Abstract
Purpose of Review
Opioids have been shown to be associated with an increased risk of fracture. The purpose of this paper is to review recent research into the effects of opioids on bone formation and bone healing in animal models and in human studies.
Recent Findings
Most opioids, such as morphine and fentanyl, negatively affected bone remodeling and bone healing in animal models. Conversely, remifentanil has been recently shown to promote in vitro osteoblast differentiation and to inhibit differentiation and maturation of osteoclasts, therefore reducing bone resorption. According to the possible negative role of opioids in bone healing, opioid antagonists have been shown to enhance bone mineralization, suggesting a possible therapeutic role in the future for osteoporosis.
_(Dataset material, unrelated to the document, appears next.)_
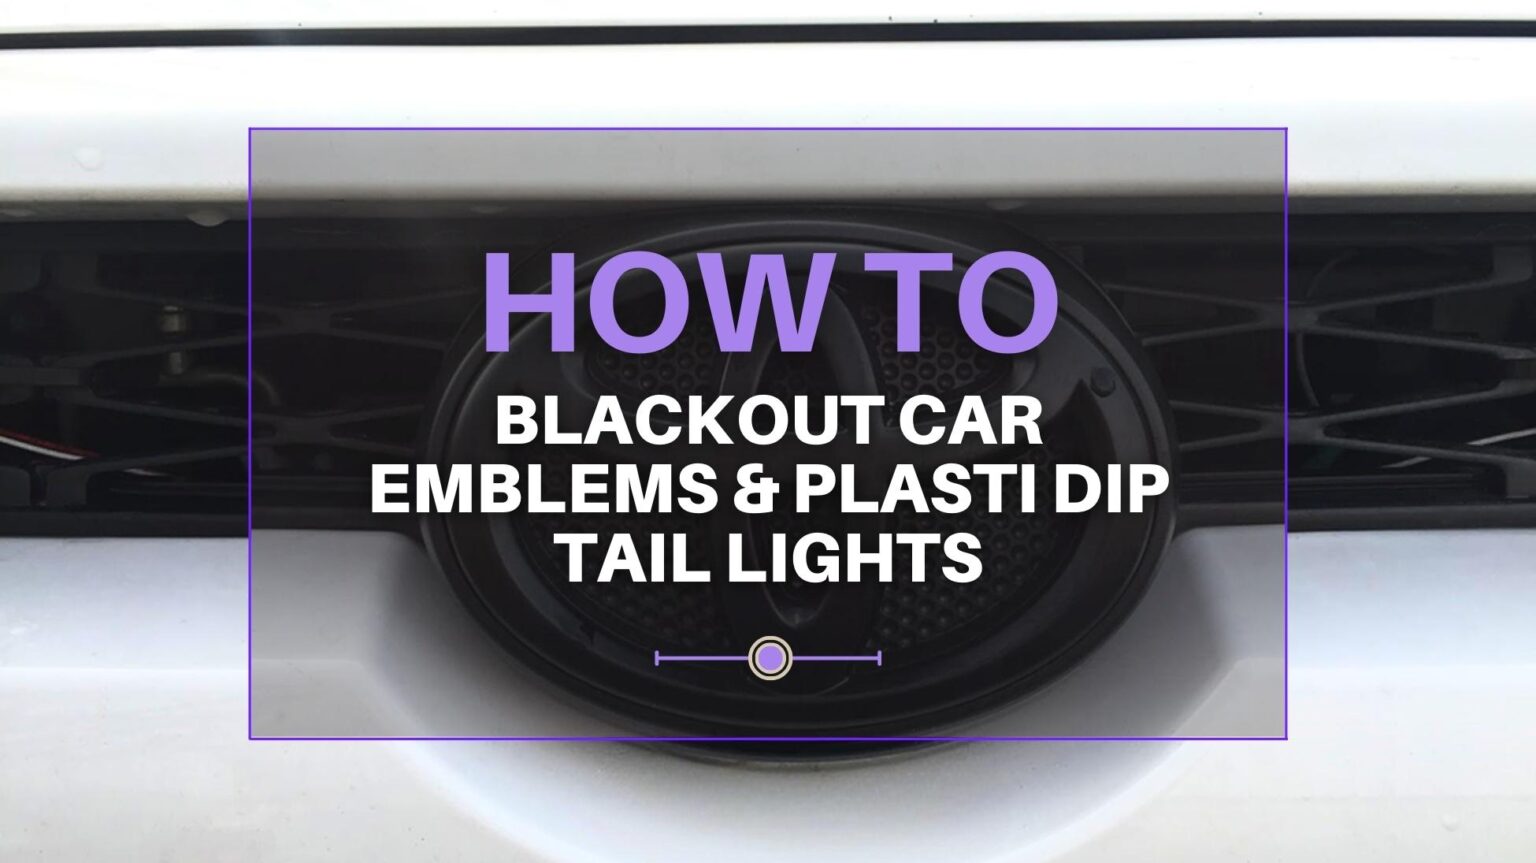 How To Blackout Car Emblems Plasti Dip Tail Lights 1536x863

Other neuropeptides, such as the vasoactive intestinal peptide (VIP) and the neuropeptide Y (NPY), have been proved to promote osteogenesis.
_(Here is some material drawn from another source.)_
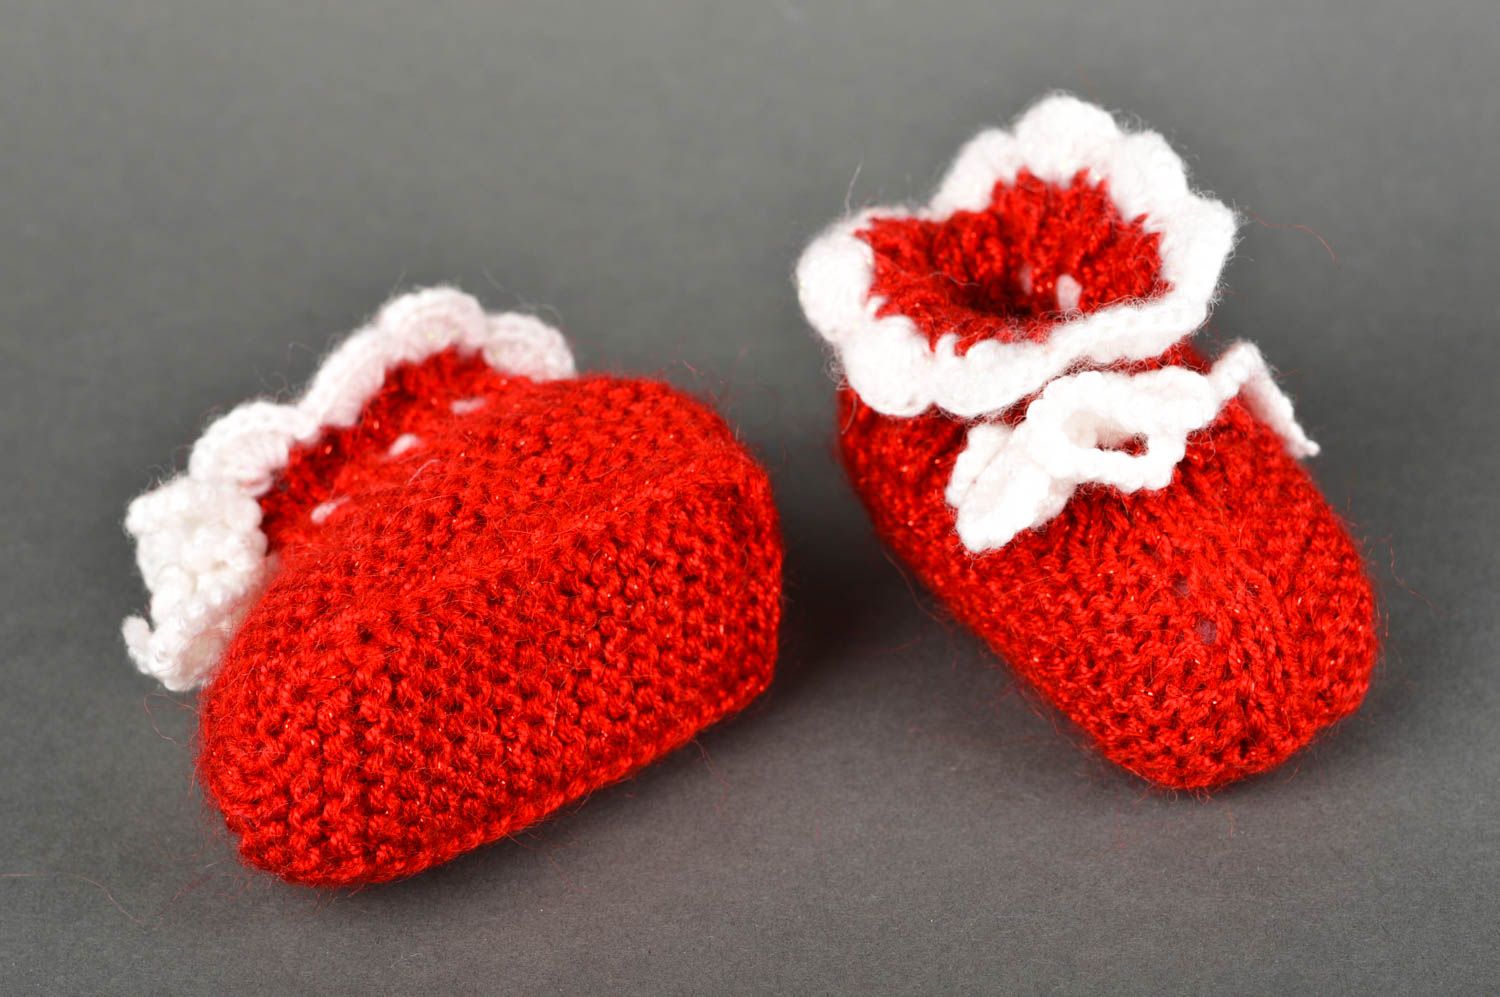 Cute handmade baby booties crochet ideas fashion baby accessories warm socks photo 5

The increased risk of fractures among opioid users may be related to their central nervous system side effects or to the reduced bone density, partly due to their endocrine effects, and partly to their direct activity on bone cells. Clinical data strongly suggested a potential negative effect of opioids in bone healing. The risk of nonunion fracture is significantly increased in opioid users, and bone mass density was reduced in patients under long-term opioid treatment.
Summary
The direct effects of opioids on bone remodeling appears evident from these reports. Not all opioids have the same potential for negatively impacting bone healing. Opioid antagonists may increase bone density and could represent a possible future treatment for low bone mass density pathologies. However, further trials are warranted to clarify the clinical relevance of these emerging findings from animal studies.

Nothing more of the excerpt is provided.